Broker Check

Frequently Asked Questions

How long have you been in business?

Our principal, Tony Krvaric was initially licensed as a financial professional in 1998 and brings 27+ years of experience and accumulated wisdom to his clients' benefit. He's been through multiple market cycles and brings a complementary team of professionals to client relationships.

Whom do you serve?

Our clients are motivated, enjoy making smart financial choices, appreciate professional relationships, and generally fall into one of three categories:

  • Pre-retirees and business owners preparing for retirement
  • Retirees making sure their financial affairs are in order
  • Widows looking for an experienced advisor to provide confidence 

Where are you located?

We are located in beautiful San Diego, California. Specifically, our main offices are located Rancho Bernardo. We also have a presence in Newport Beach, California and Scottsdale, Arizona. We serve clients in over a dozen states.

What is the initial meeting experience like?

Our first meeting is solely to determine if there is a fit for us to work together - without judgement or obligation. The first part of the meeting you will share what you are looking for and what your expectations are. In the second part, we will explain our philosophy, fees, and expectations. If we are a match, great. If we are not a match, we may be able to point you in a more suitable direction. Sharing financial information at this initial stage is limited to discussing big picture assets and liabilities - not exact details or statements.

Do you have account minimums for client relationships?

Our Assets Under Advisement (AUA) minimum is $500,000 per family. While we want to help as many Americans as possible, economic realities are such that we cannot serve everyone. Note: Account minimums are not enforced clients or children or grandchildren of existing clients. Our obligation to serve rests with the entire family.

How are your fees structured?

Our fees start at 1.50% per year for between $500,000 and $1,000,000 of Assets Under Advisement and go as low as 0.50%. Fees are billed quarterly. Real estate, personal or for investment, is generally not considered as Assets Under Advisement. There is an optional flat fee of 0.35% for clients who wish for us to also manage their investment portfolio. This would include portfolio implementation, monitoring, custody, trading costs, cost basis tracking, online portal, performance reporting, tax reporting and in-house portfolio managers.

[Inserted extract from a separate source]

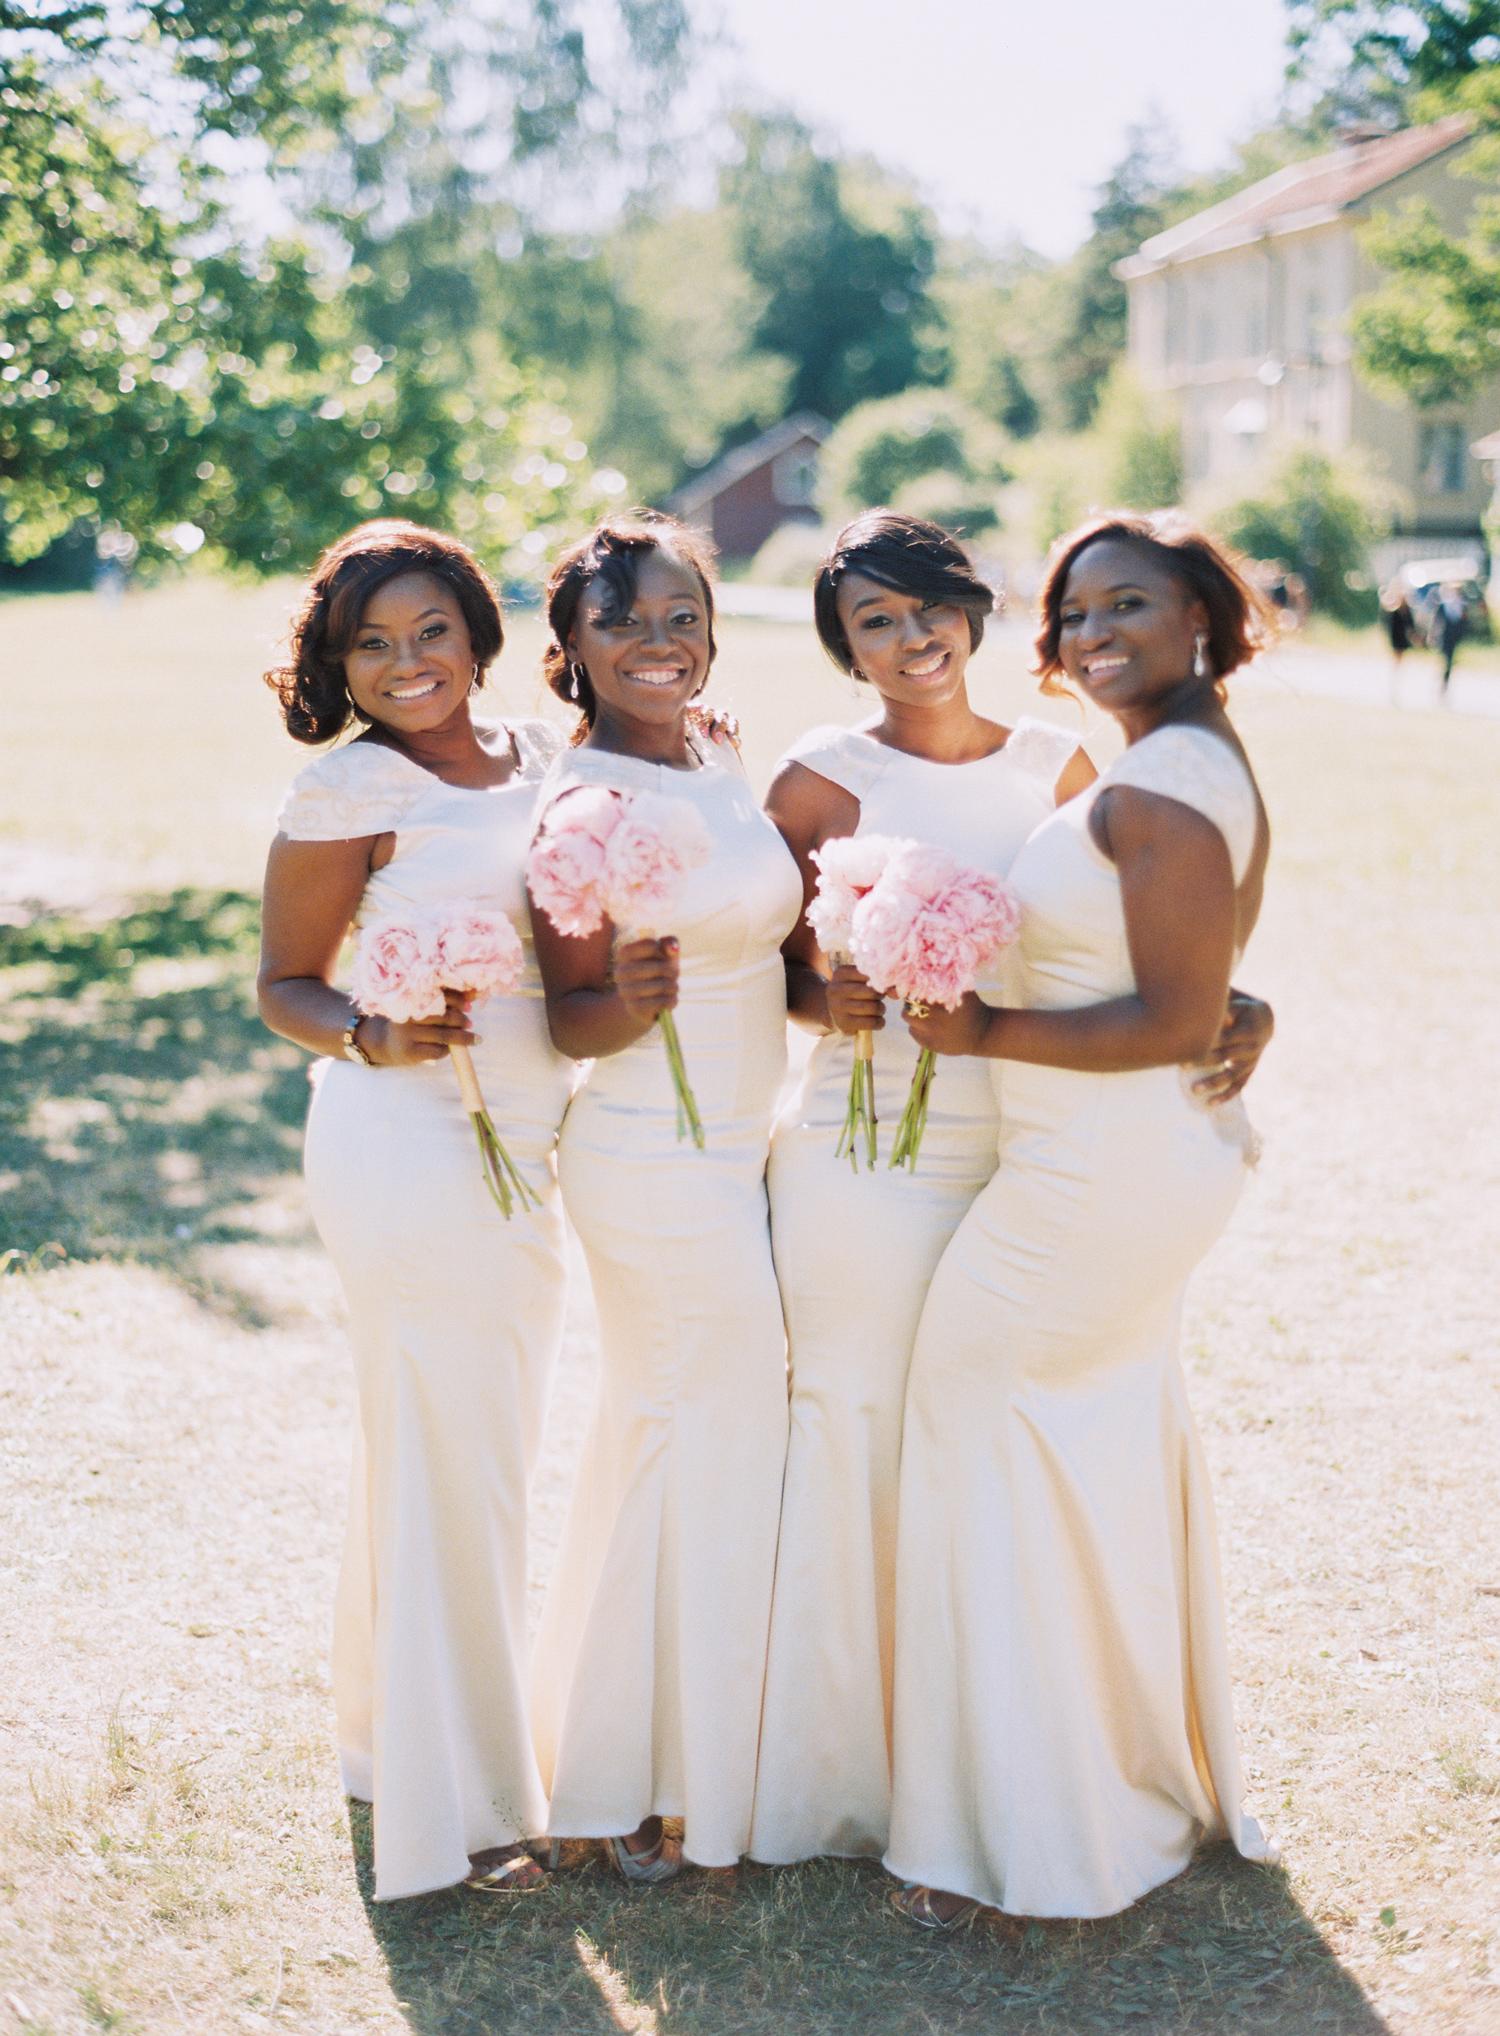 white bridesmaid dresses 2 brides photography

What do I get for the fee that I pay?

For starters you get a personal relationship, in an increasingly impersonal, automated world. We learn about your goals, help determine what is realistic, challenge you where appropriate, educate you, help you manage, preserve, and eventually distribute your wealth. We also identify blind spots that may jeopardize you or your loved ones financially. Not only is the financial landscape enormous but there is also so much noise and bad information out there. Not to mention scams galore. We help you focus, cut through the noise, and gain confidence from knowing that you have an experienced financial professional in your corner.

Do you charge commissions?

While most of our relationships are fee-based, there are circumstances where a commission-based solution either is a better fit or a solution only exists in a commission structure. We are committed to the best strategy for each client relationship and individual circumstance, always clearly explaining the pros and cons.

Why do I need a financial advisor in the first place?

That's the age-old question. Information these days is free and readily available. Knowledge can be gained, given enough time and interest. Wisdom, however, comes only after decades of experience - which includes making lots of mistakes along the way. Emotions like greed and fear drive human beings to making the wrong decision, at the wrong time, for the wrong reasons. Our clients share their values and goals with us, and we help them make smart, aligned choices, adjusting along the way as circumstances and goals change over time. Our clients feel the coaching and confidence is more than worth it.

You talk about "The Five F's" in life. Explain?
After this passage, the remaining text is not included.